If you or someone you know gets the virus, he said it’s a sad and lonely time.
“It doesn’t hit home until it happens to someone you know,” he said.
People need to be overly cautious, he said.
“You have to protect yourself because of so many unknowns,” he said. “You can’t take anything for granted.”
He knows people are probably having cabin fever and are losing money, but he said you don’t want to lose your life or a family member from the virus.
Maurice said there’s a good possibility his father got the virus on the road, keeping the regional and national supply chain going. But they really don’t know.
Ernest never knew a stranger, loved to work and loved meeting people, Maurice said. If there was someone who needed help, Ernest did what he could to help them. Maurice said a neighbor told him that when they were in need, his dad took them grocery shopping.
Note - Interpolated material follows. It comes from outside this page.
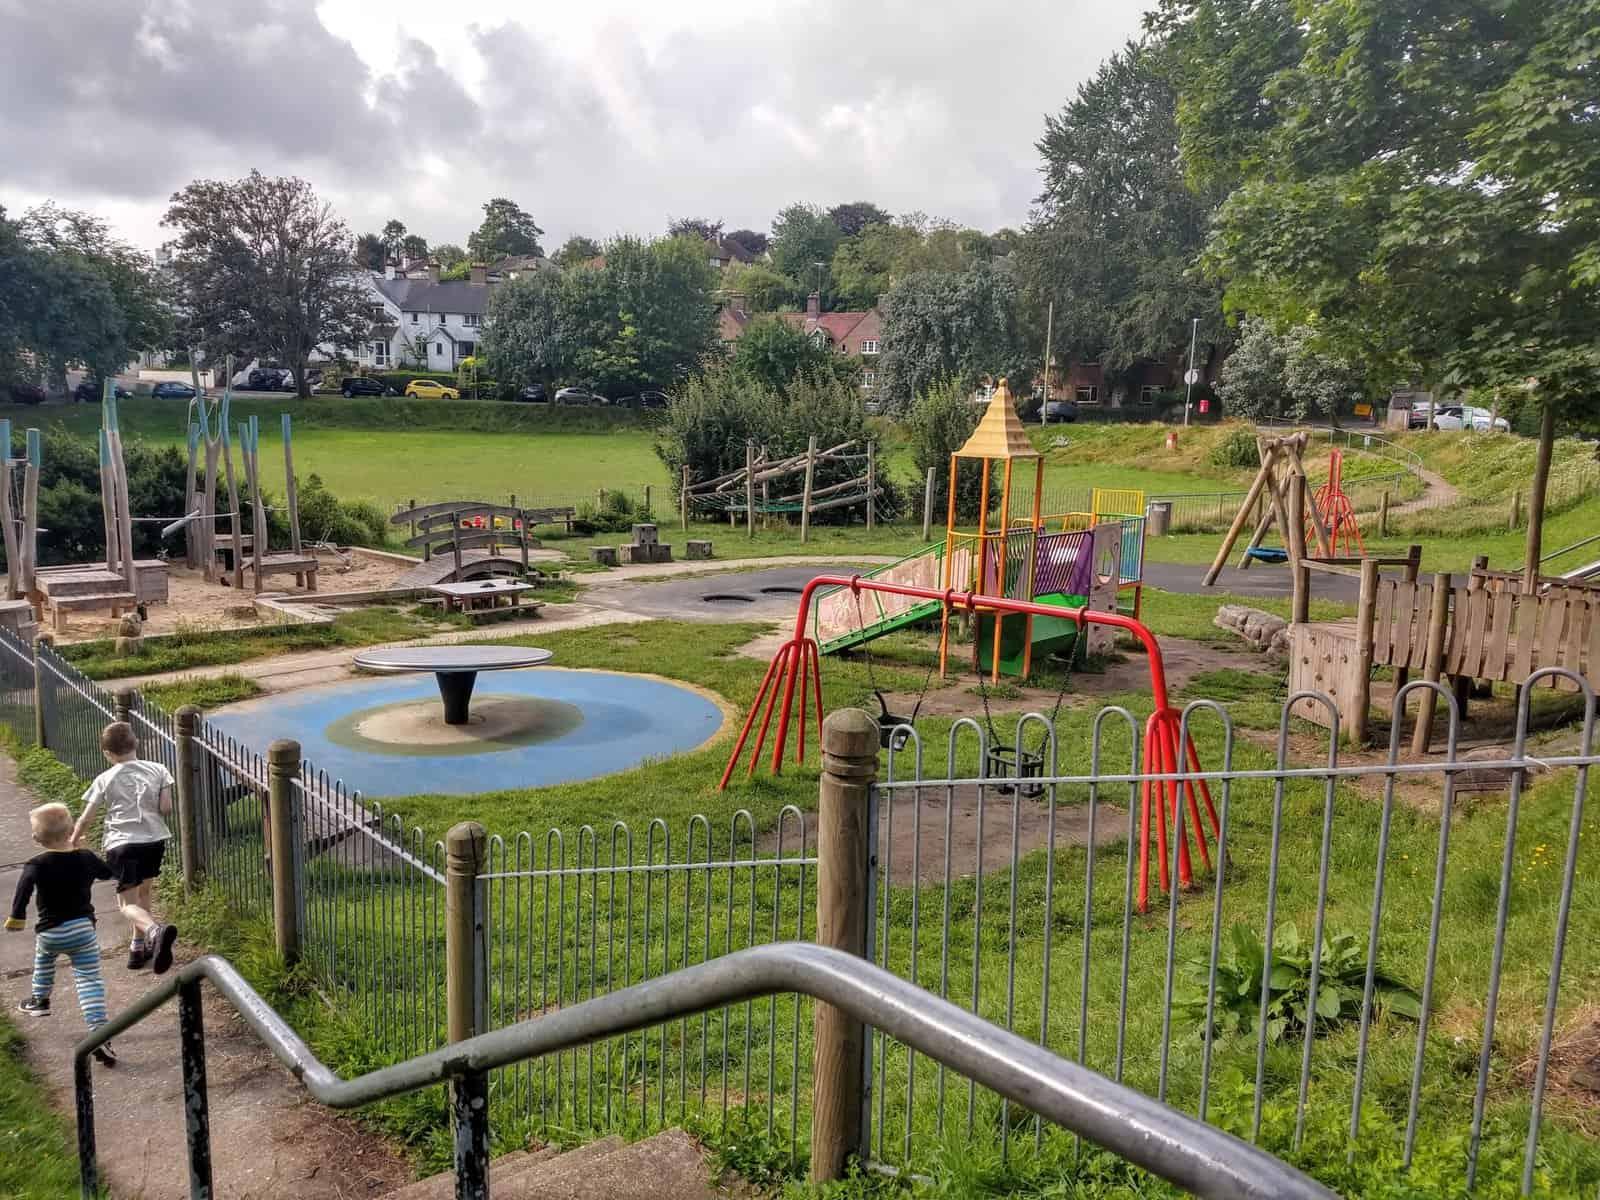 Nevill Recreation Ground

“I hear stories like that all the time,” he said.
Because he was a truck driver, Ernest was up all hours of the night. Maurice was often up early to work out and every day at about 5 a.m. and would call his father. Not having that now is hard, he said.
Sharice is a flight attendant with varied work hours. They both knew if anyone was awake, it was Ernest and they could call him anytime, Maurice said.
“Anybody he touched he impacted in some way,” he said.
Both their parents are known as loving, caring people, Maurice said.
Their influence is evident in the amount of people who have reached out to support the family. Maurice said he was getting so many phone calls from friends and neighbors wanting to help that he set up a GoFundMe page. It was a way to give people information and an outlet to express their support. The money from the page will go to support his mother as she starts her new reality without her husband, he said.
“Now it’s just going to be different, but we have to be strong for our mom,” Maurice said.
He said the impact of COVID-19 is devastating.
“You don’t want to see both your parents like that,” he said. “It’s a traumatic experience you don’t know if you’ll ever get over.”